Skip to content

Rocketshon/penny-finder-backend

Repository files navigation

Penny Hunter — Backend

Penny Hunter is a free deal-aggregator app for shoppers and clearance-hunters. This repo is the scraping + aggregation backend that powers it.

🌐 pennyhunter.store · 📱 iOS app (private beta)


What it does

Pulls weekly-ad data, community-curated penny lists, and online deal feeds from 30+ sources, normalizes them into a single JSON briefing, and publishes it to GitHub Pages every day. The mobile app fetches that JSON to power its Briefing, Find Deals, and Penny List screens.
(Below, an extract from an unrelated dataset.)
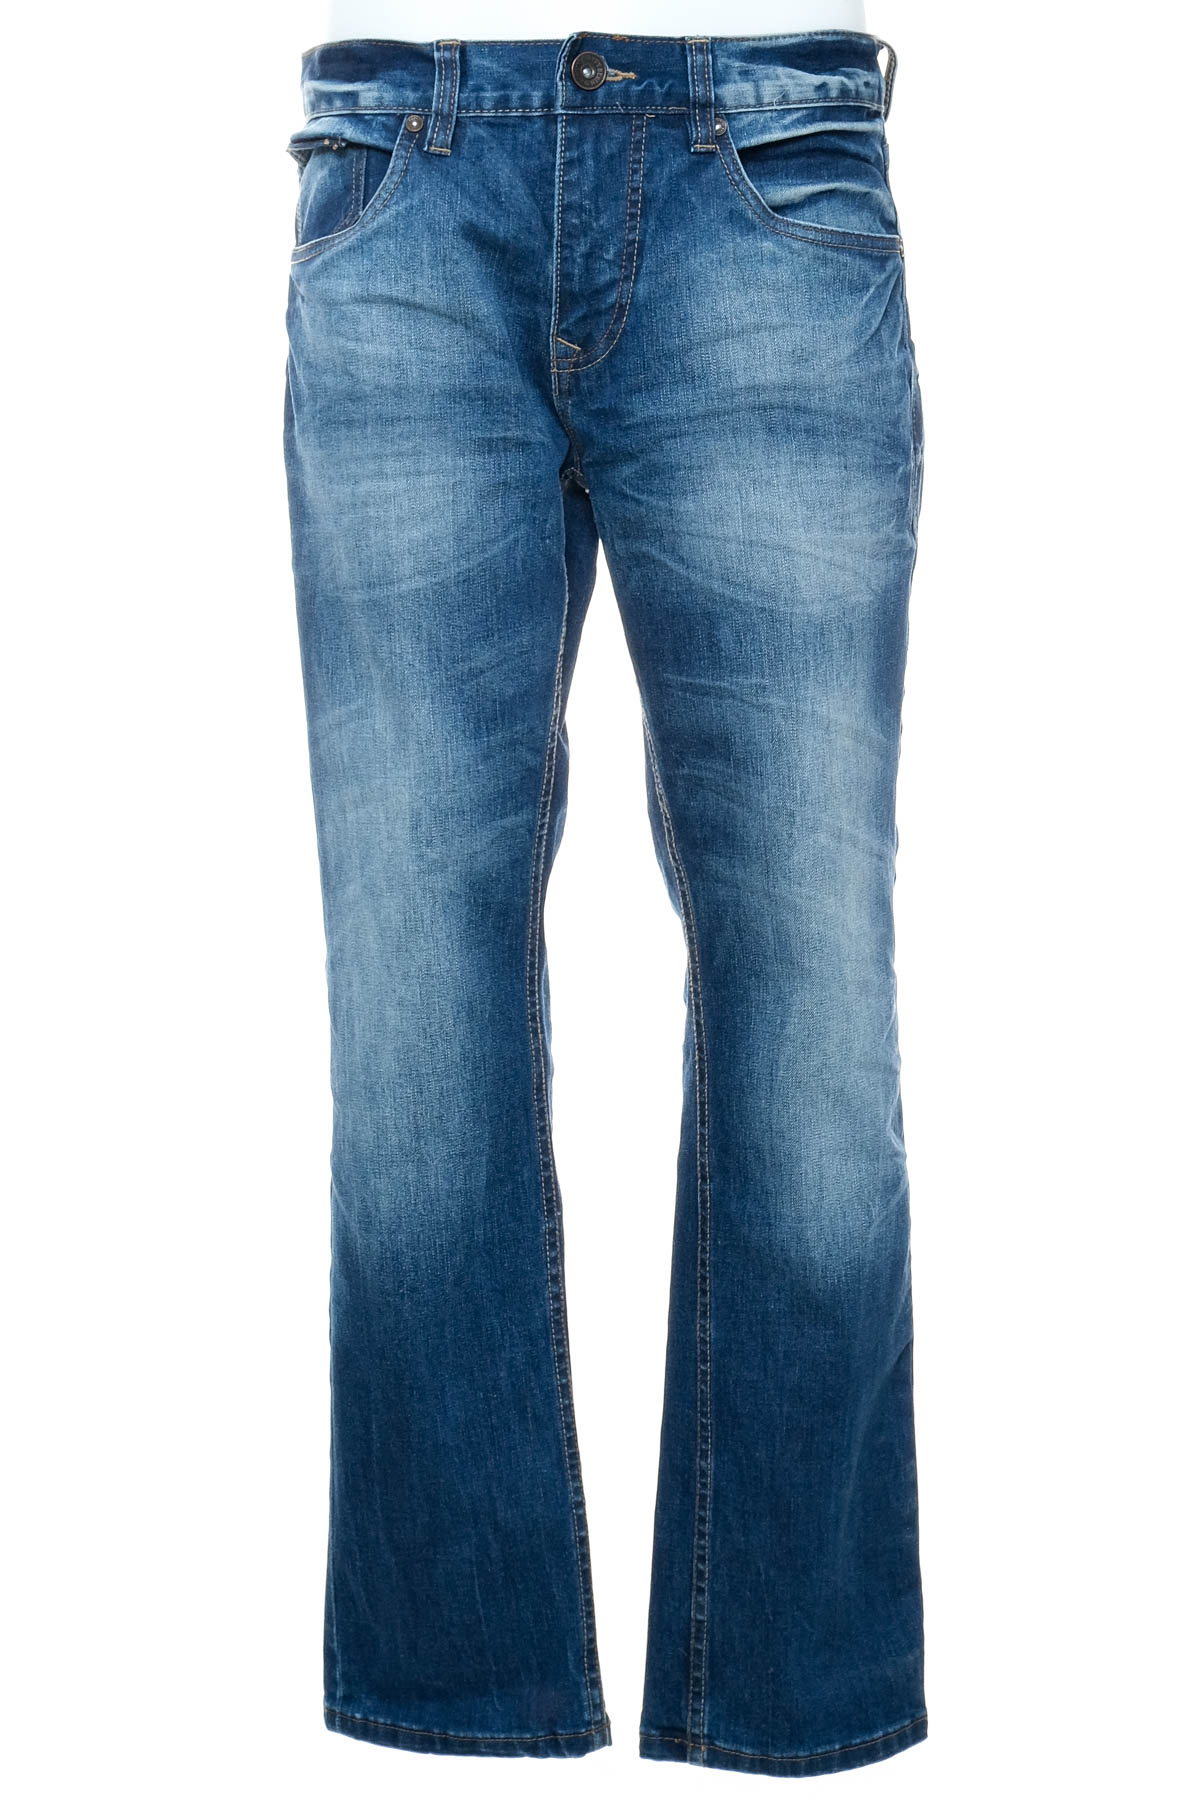 Men's jeans - SAVVY Denim - 0
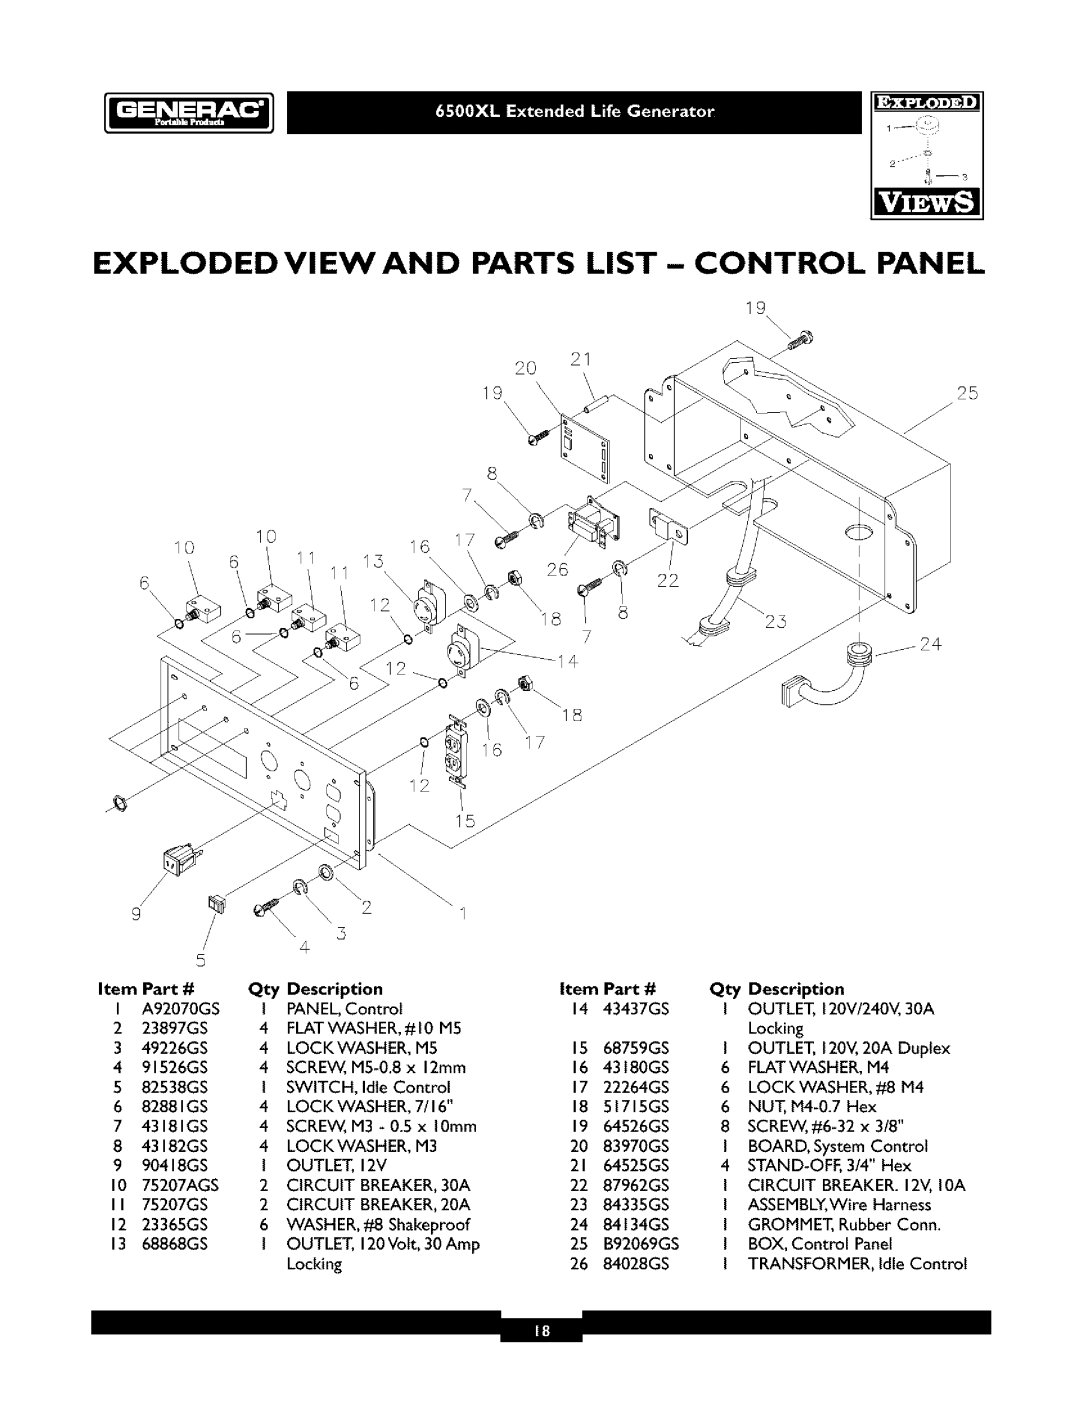 Generac 6500XL Exploded View And Parts List - Control Panel, Description, FLATWASHER,#10 M5, SCREW, M5-0.8 x 12mm

                ┌─ Flipp API (~25 retailers, weekly ads)
                ├─ KCL DG penny-list page (community UPCs)
                ├─ TFG via Playwright + stealth
                ├─ CVS weekly-ad PDF (drop-folder)
                ├─ Walmart Flash Deals (saved HTML)
                ├─ Slickdeals frontpage RSS
   scrapers ────┼─ CamelCamelCamel Amazon price drops RSS
                ├─ Dollar General / Target / CVS / Walgreens / Meijer / Kroger
                ├─ Home Depot / Lowe's / Menards / Barnes & Noble
                ├─ TheFreebieGuy + PennyPinchinMom RSS
                └─ ...
                          │
                          ▼
                   aggregator.py
                   ├─ dedupe + heat scoring
                   ├─ confidence scoring (community + cross-verify)
                   ├─ store-week rollups
                   └─ emit BriefingV1 JSON (~1700 items, ~40 highlights)
                          │
                          ▼
              GitHub Pages: pages branch
              briefings/latest.json + 2026-W17.json archive
                          │
                          ▼
                   Penny Hunter app
                   (Flipp queries also run live in-app per zip)

Live data

https://rocketshon.github.io/penny-finder-backend/briefings/latest.json

Schema is documented inline in schema.py (mirrors the TypeScript source-of-truth in the app's briefing.ts).

Local run

pip install -e .
python -m main                 # full pipeline, writes out/briefings/latest.json
python -m main --community     # only community RSS scrapers (faster)
pytest                         # 31 unit tests

Stack

  • Python 3.12 with httpx (HTTP), selectolax (HTML), feedparser (RSS), pdfplumber (weekly-ad PDFs), playwright (stealth headless Chromium for cloudflare-gated pages), pydantic (schema validation).
  • GitHub Actions runs the full pipeline daily at 6 AM ET.
  • Windows Task Scheduler on a residential IP (Tailscale-connected Dell) runs the pipeline weekly to layer in PerimeterX-gated sources (Walmart Flash Deals) that fail in cloud CI.

Layout

penny-finder-backend/
├── schema.py               # BriefingV1, DealItem, Highlight, etc.
├── aggregator.py           # merges + dedupes + scores + writes JSON
├── heat.py                 # heat scoring + hunt_index calc
├── headline.py             # top-of-briefing summary composer
├── confidence.py           # community + catalog confidence boost
├── cross_verify.py         # per-UPC corporate catalog check
├── main.py                 # entrypoint
├── scrapers/               # one module per source (~17 scrapers)
├── tests/                  # pytest suite + saved fixtures
├── landing/                # pennyhunter.store one-pager (Vercel-deployed)
└── scripts/
    ├── fetch_walmart.py    # headed Playwright Walmart Flash Deals fetch
    ├── fetch_walmart.bat   # Windows Task Scheduler wrapper
    └── run_local_pipeline.bat  # full pipeline + push-to-Pages

App side

  • App repo: private (Expo / React Native)
  • Live via EAS Update; app fetches latest.json from this repo's pages branch, plus calls Flipp's public API directly with the user's zip for real-time location-aware results.
  • Money: Skimlinks (302076X1790065) wraps non-Amazon outbound links; Amazon Associates tag pennyhunter20-20 wraps Amazon links directly for the higher commission rate.

License

MIT. See LICENSE (TODO).